Pan-STARRS Astronomers Issue Largest Astronomical Data Release Ever

Jan 30, 2019 by News Staff

A team of astronomers from the Space Telescope Science Institute and the Institute for Astronomy at the University of Hawaii has released data from the Panoramic Survey Telescope & Rapid Response System (Pan-STARRS), the world’s largest digital sky survey. This second data release contains over 1.6 petabytes of data (a petabyte is one million gigabytes), making it the largest volume of astronomical information ever released. The amount of imaging data is equivalent to two billion selfies, or 30,000 times the total text content of Wikipedia. The data reside in the Mikulski Archive for Space Telescopes (MAST) and are 15 times the volume of the Library of Congress.

This image is a mosaic of photographs taken by the Pan-STARRS Observatory. The center of the circle is the north celestial pole, and the outer edge is a sky declination of minus 30 degrees -- the southern horizon as seen in Hawai’i. The bright band extending from top to bottom is our Milky Way Galaxy. The center of the galaxy is near the bottom edge of the image where the galaxy is brightest. In total, Pan-STARRS catalogued more than 800 million objects within this image. The image includes both stars and galaxies, although most of what is visible are objects in the Milky Way. In the plane of the Milky Way, dark filaments and clouds show cosmic dust, which absorbs blue light and makes the objects appear much redder. The Pan-STARRS data have been used to produce the best map of our Galaxy’s dust by analyzing the colors and brightnesses of these stars. Image credit: R. White, STScI / PS1 Science Consortium, Brooks Bays.

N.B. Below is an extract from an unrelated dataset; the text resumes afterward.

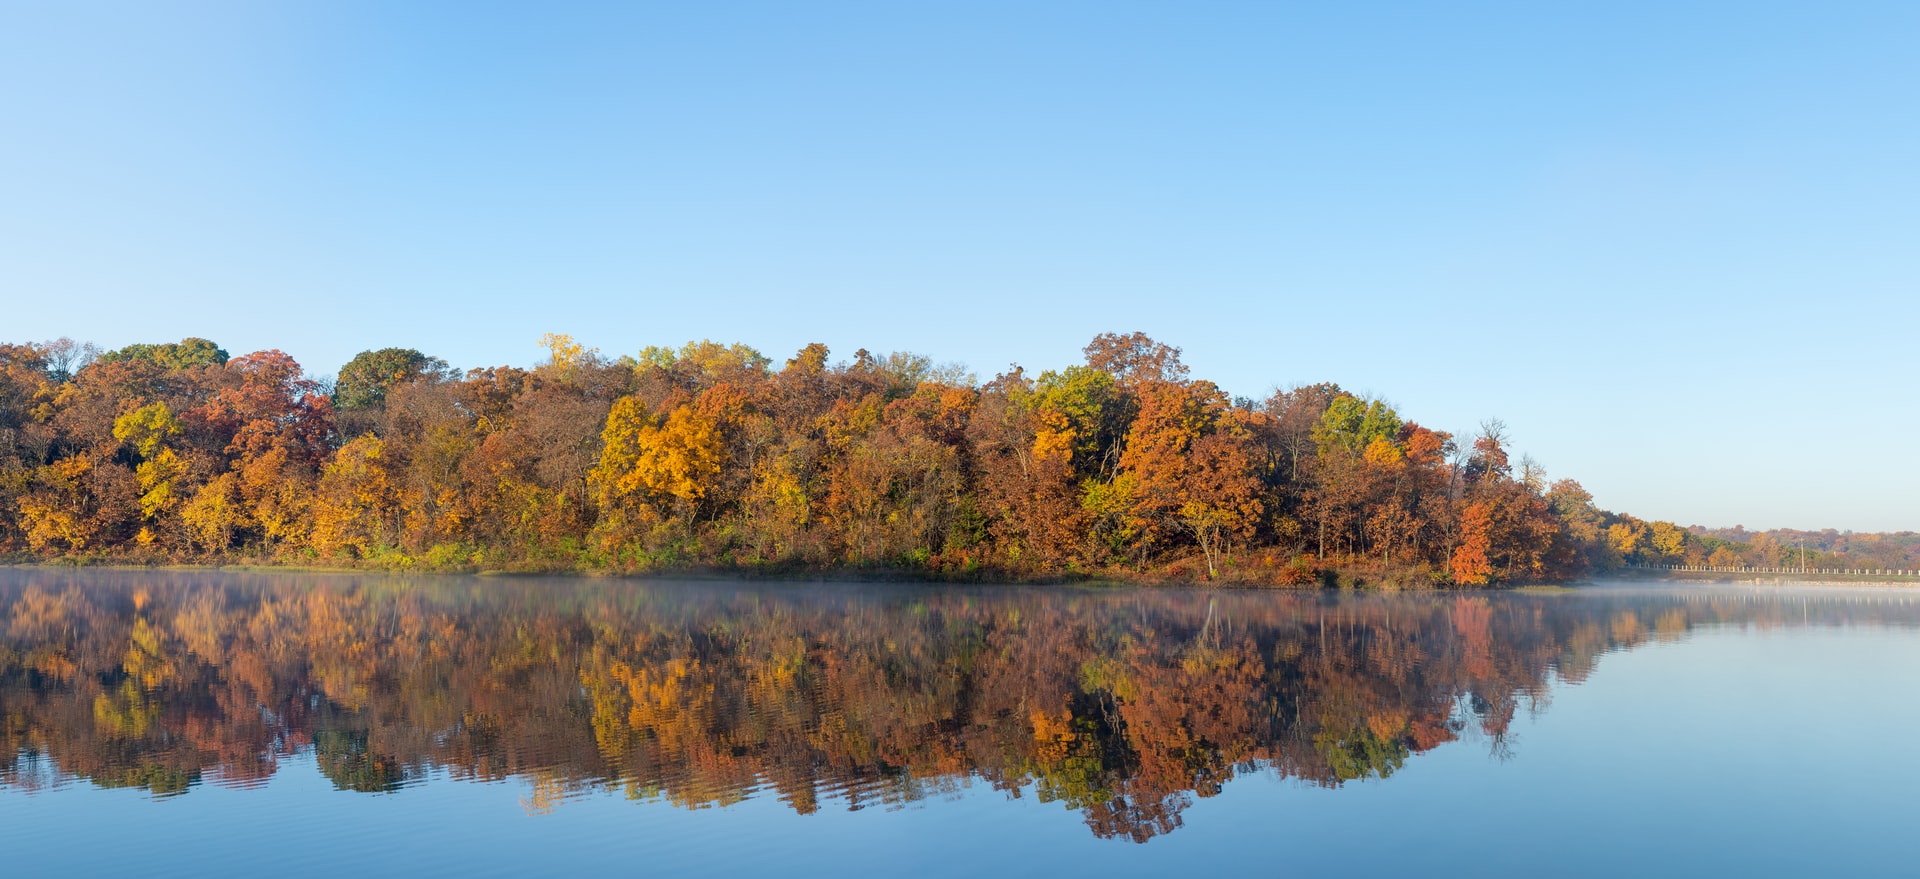 Kansas river and fall trees next to river bank

This image is a mosaic of photographs taken by the Pan-STARRS Observatory. The center of the circle is the north celestial pole, and the outer edge is a sky declination of minus 30 degrees — the southern horizon as seen in Hawai’i. The bright band extending from top to bottom is our Milky Way Galaxy. The center of the galaxy is near the bottom edge of the image where the galaxy is brightest. In total, Pan-STARRS catalogued more than 800 million objects within this image. The image includes both stars and galaxies, although most of what is visible are objects in the Milky Way. In the plane of the Milky Way, dark filaments and clouds show cosmic dust, which absorbs blue light and makes the objects appear much redder. The Pan-STARRS data have been used to produce the best map of our Galaxy’s dust by analyzing the colors and brightnesses of these stars. Image credit: R. White, STScI / PS1 Science Consortium, Brooks Bays.

The Pan-STARRS Observatory is located at the summit of Haleakalā, on Maui, Hawai’i.

It embarked on a digital survey of the sky in visible and near-infrared light in May 2010.

Pan-STARRS was the first survey to observe the entire sky visible from Hawai’i multiple times in many colors of light.

One of its goals was to identify moving, transient, and variable objects, including asteroids that could potentially threaten the Earth.

The survey took approximately four years to complete, scanning the sky 12 times in five filters.

The second data release, Pan-STARRS DR2, provides, for the first time, access to all of the individual exposures at each epoch of time.

This will allow astronomers and public users of the archive to search the full survey for high-energy explosive events in the cosmos, discover moving objects in our own Solar System, and explore the time domain of the Universe.

“Pan-STARRS DR2 represents a vast quantity of astronomical data, with many great discoveries already unveiled,” said Dr. Heather Flewelling, a researcher at the Institute for Astronomy in Hawai’i.

“These discoveries just barely scratch the surface of what is possible, however, and the astronomy community will now be able to dig deep, mine the data, and find the astronomical treasures within that we have not even begun to imagine.”

“We put the Universe in a box and everyone can take a peek,” added database engineer Conrad Holmberg.

The four years of the Pan-STARRS data comprise 3 billion separate sources, including stars, galaxies, and various other objects.

“The Pan-STARRS1 Survey allows anyone access to millions of images and catalogs containing precision measurements of billions of stars, galaxies, and moving objects,” said Dr. Ken Chambers, Director of the Pan-STARRS Observatories.

“While searching for Near Earth Objects, Pan-STARRS has made many discoveries from ‘Oumuamua passing through our Solar System to lonely planets between the stars.”

“It has mapped the dust in three dimensions in our Galaxy and found new streams of stars.”

“And it has found new kinds of exploding stars and distant quasars in the early Universe.”

“We hope people will discover all kinds of things we missed in this incredibly large and rich dataset.”